New Brunswick’s Agnew family is a Special Olympics family.
“I’ve had every one of my children, their spouses and all seven grandchildren involved in the Moncton area,” said 74-year-old Glen Agnew, volunteer regional coordinator for Special Olympics Moncton Southeast.
Glen, alongside his late wife Rita, were among the province’s first-ever volunteer coaches.
According to Glen, Rita’s boss at Moncton Community Residences Inc. – a group that provides housing for people with intellectual disabilities –asked them to help get Special Olympics New Brunswick off the ground in 1979.
He was told he’d only need to coach one hour per week for a year.
“And that was 40 years ago,” Glen said with a laugh.
He stuck around because “Special Olympics is such an easy group to coach,” he said.
“It doesn’t matter how bad a game they had, or how good a game – they are just so appreciative of what the coaches do for them.”
The local athletes quickly became an intrinsic part of the Agnew family, many of them referring to Glenn and Rita as ‘mom and dad.’
They brought their own children – Jason, Carrie and Brian – along to practices and games as well.
“We didn’t have a babysitter, so they naturally had to come to the gym with us, so they just took it in,” said Glen.
They all, inevitably, became volunteers.
“I pretty much was born into it,” said Jason, now 45-years-old with three children of his own. “I remember being at dad’s knee as a kid, watching while he was coaching floor hockey.”
“What’s really neat, is three of those floor hockey athletes … I am actually coaching now.”
Jason, a local high school teacher, has recruited his wife, kids Jacob, Emma and Eyan, as well as a number of his students to volunteer.
“It’s a pretty easy sell,” he said. “Once we get them in, they’re hooked and it’s just part of your life, it’s part of who you are and what you do.”
Glen and Jason have also coached at Special Olympics World Games, Glen at the 2007 Games in Shanghai, Jason at the 2015 Games in Los Angeles and soon to be the Special Olympics World Games Abu Dhabi 2019, where he’ll serve as an associate athletics coach March 14 to 21.
They’ve also travelled to Toronto for the Special Olympics Canada National Awards – more than once.

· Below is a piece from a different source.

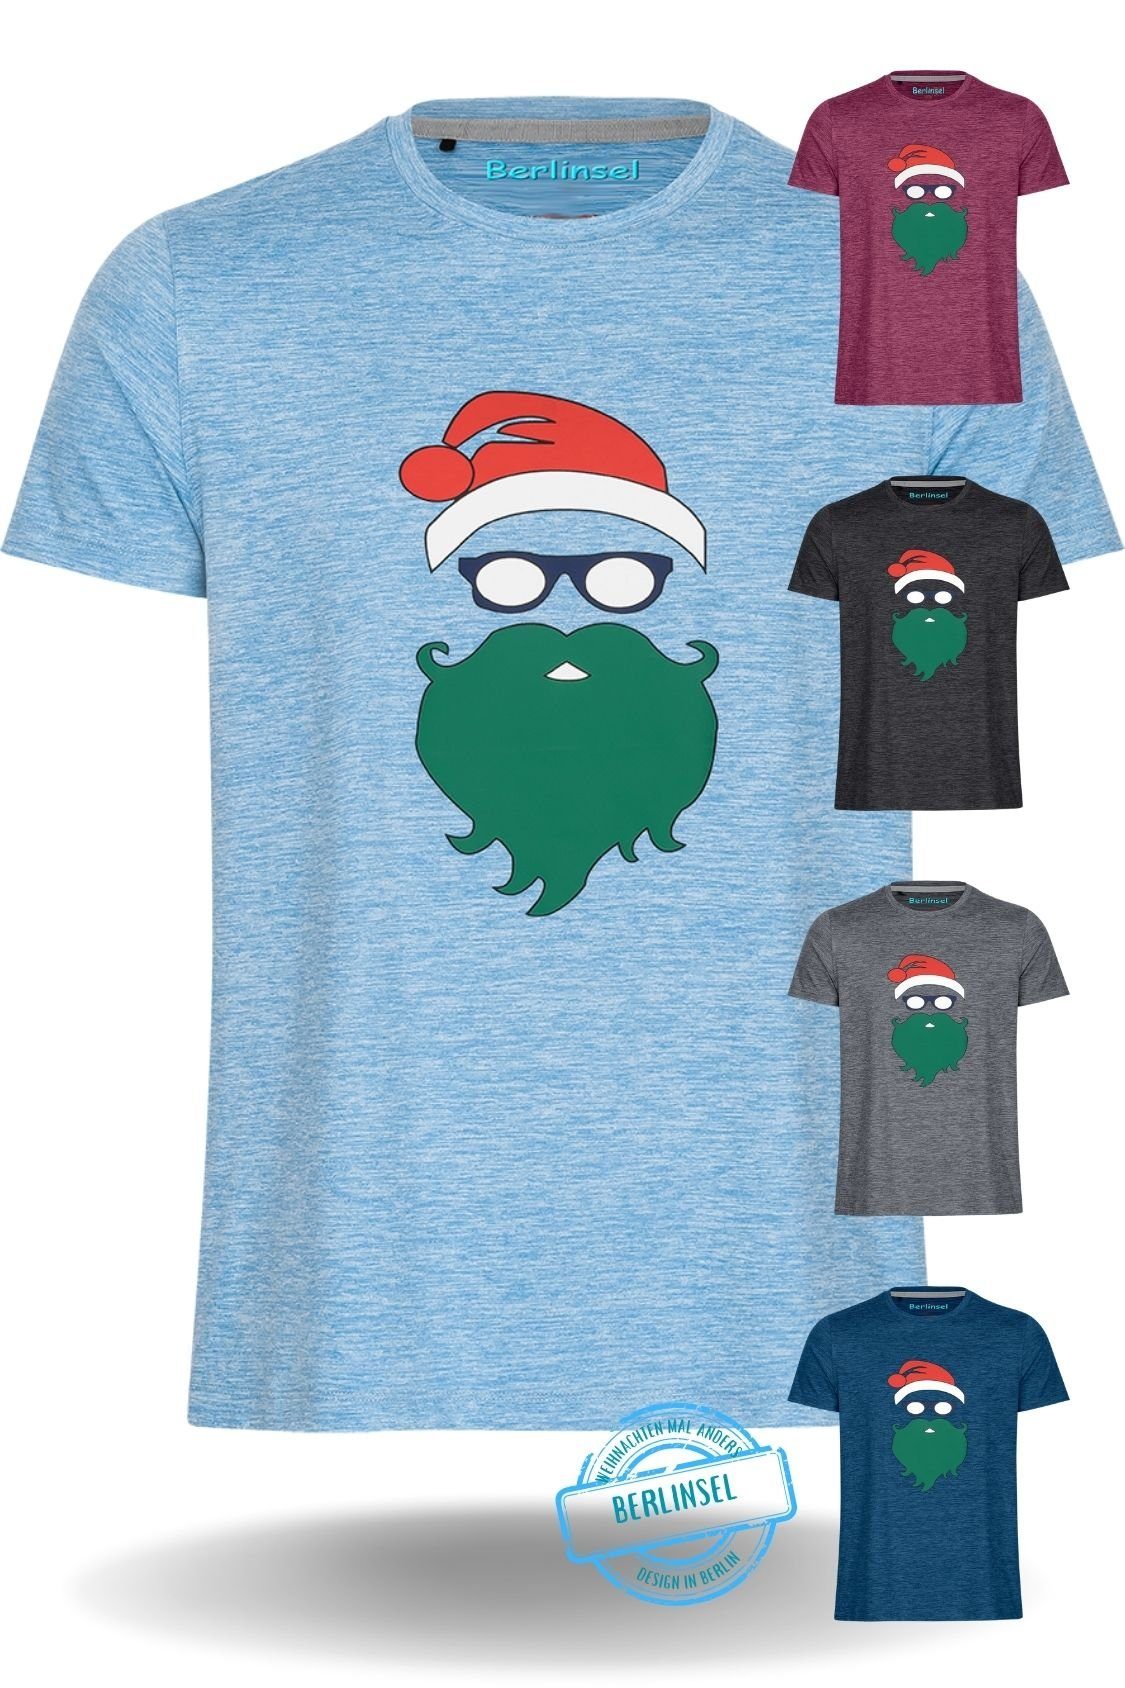 Weihnachtsgeschenk, hellblau Weihnachtsshirt Berlinsel Herren Weihnachtsfeier, Männer Weihnachtsoutfit T-Shirt Printshirt Weihnachtsfoto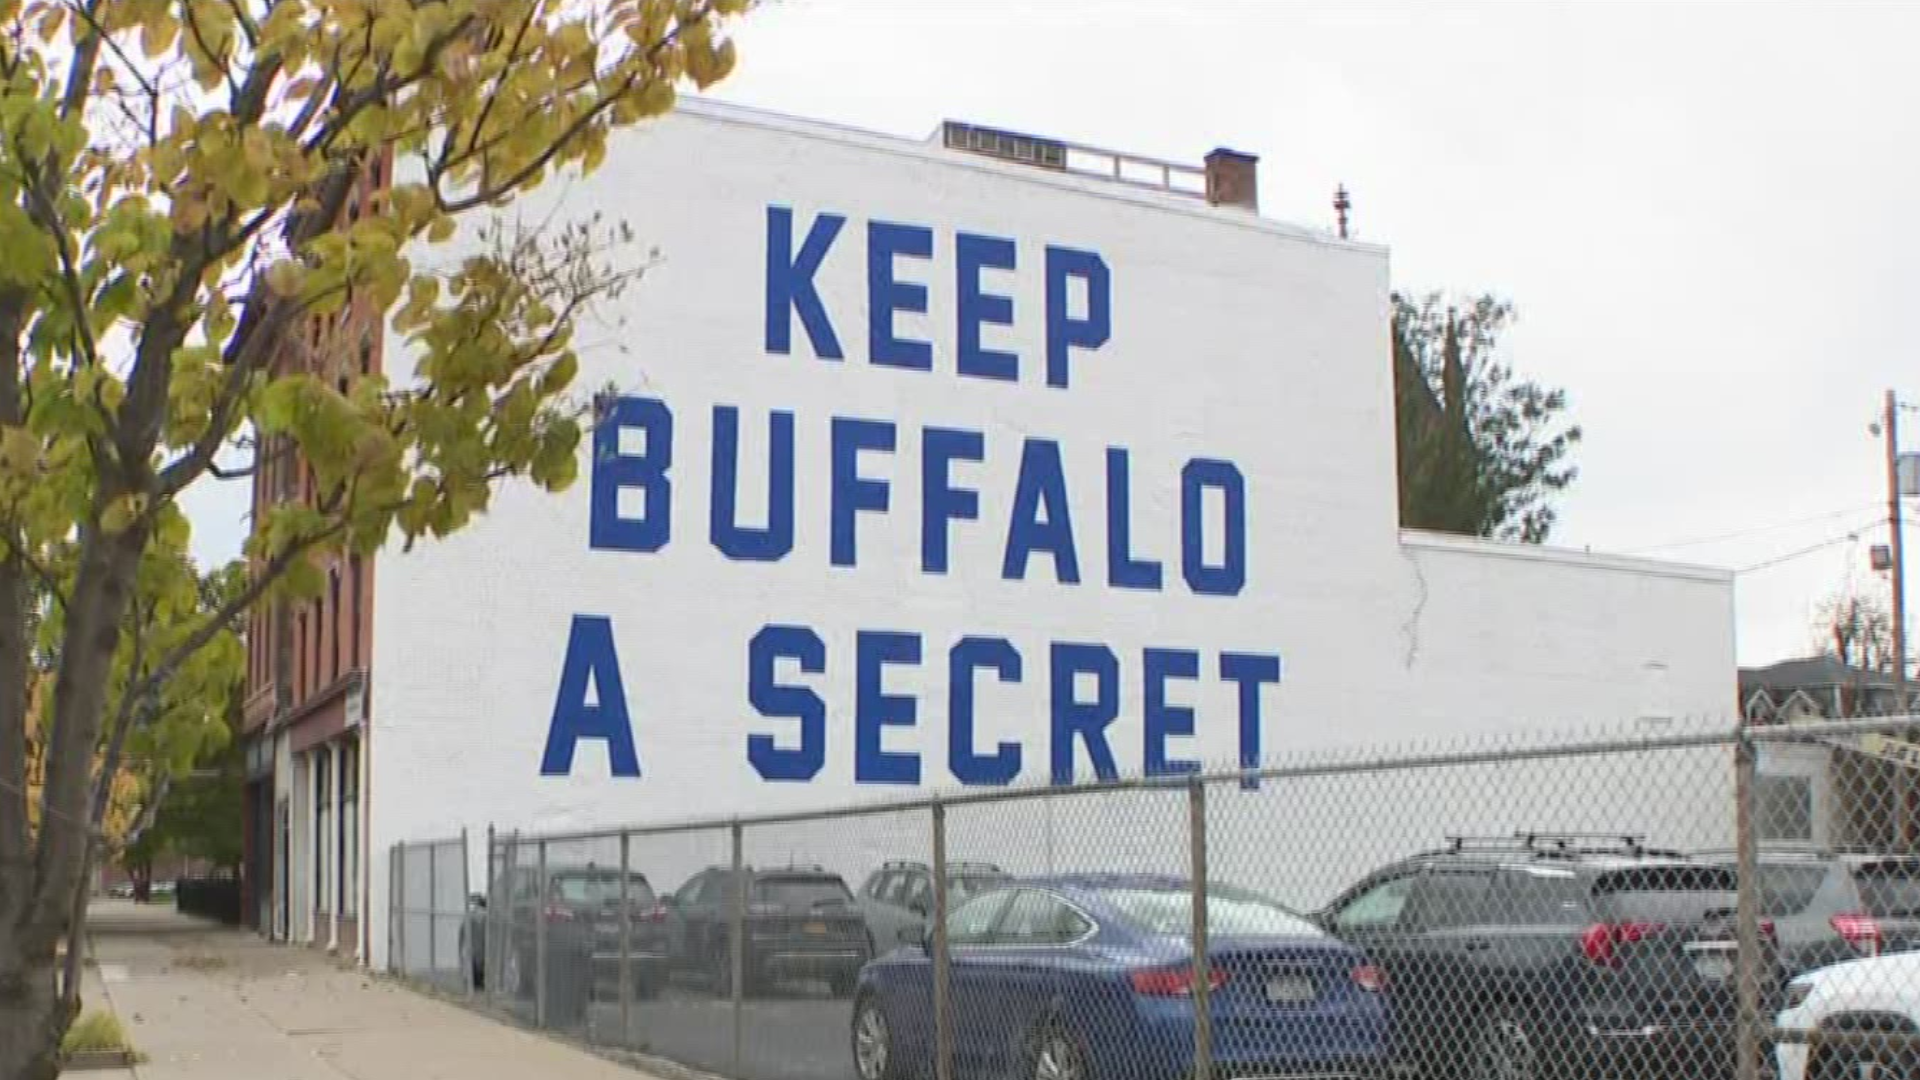 NEW "KEEP BUFFALO A SECRET" MURAL

In 2006, Rita received the Jim Thompson Award – given to volunteers who exemplify the spirit, philosophy and goals of the movement. In 2010, Glen also received the Jim Thompson Award and Jason was named Male Coach of the Year.
Sadly, Rita passed away in 2007 after a six-year battle with brain tumours. She volunteered throughout numerous surgeries and treatments and continued right up until two months before her death.
Special Olympics New Brunswick created a Spirit Award in her honour, and the rest of the Agnew family carries on her legacy as devoted volunteers.
In fact, Jason’s favourite moment from a lifetime of volunteering is the Special Olympics Canada Summer Games in Vancouver 2014. Glen was New Brunswick’s Team Manager, Jason was Head Coach for athletics and his son Jacob served as mission staff.
“We had three generations who were actually coaching at the same time,” Jason said proudly.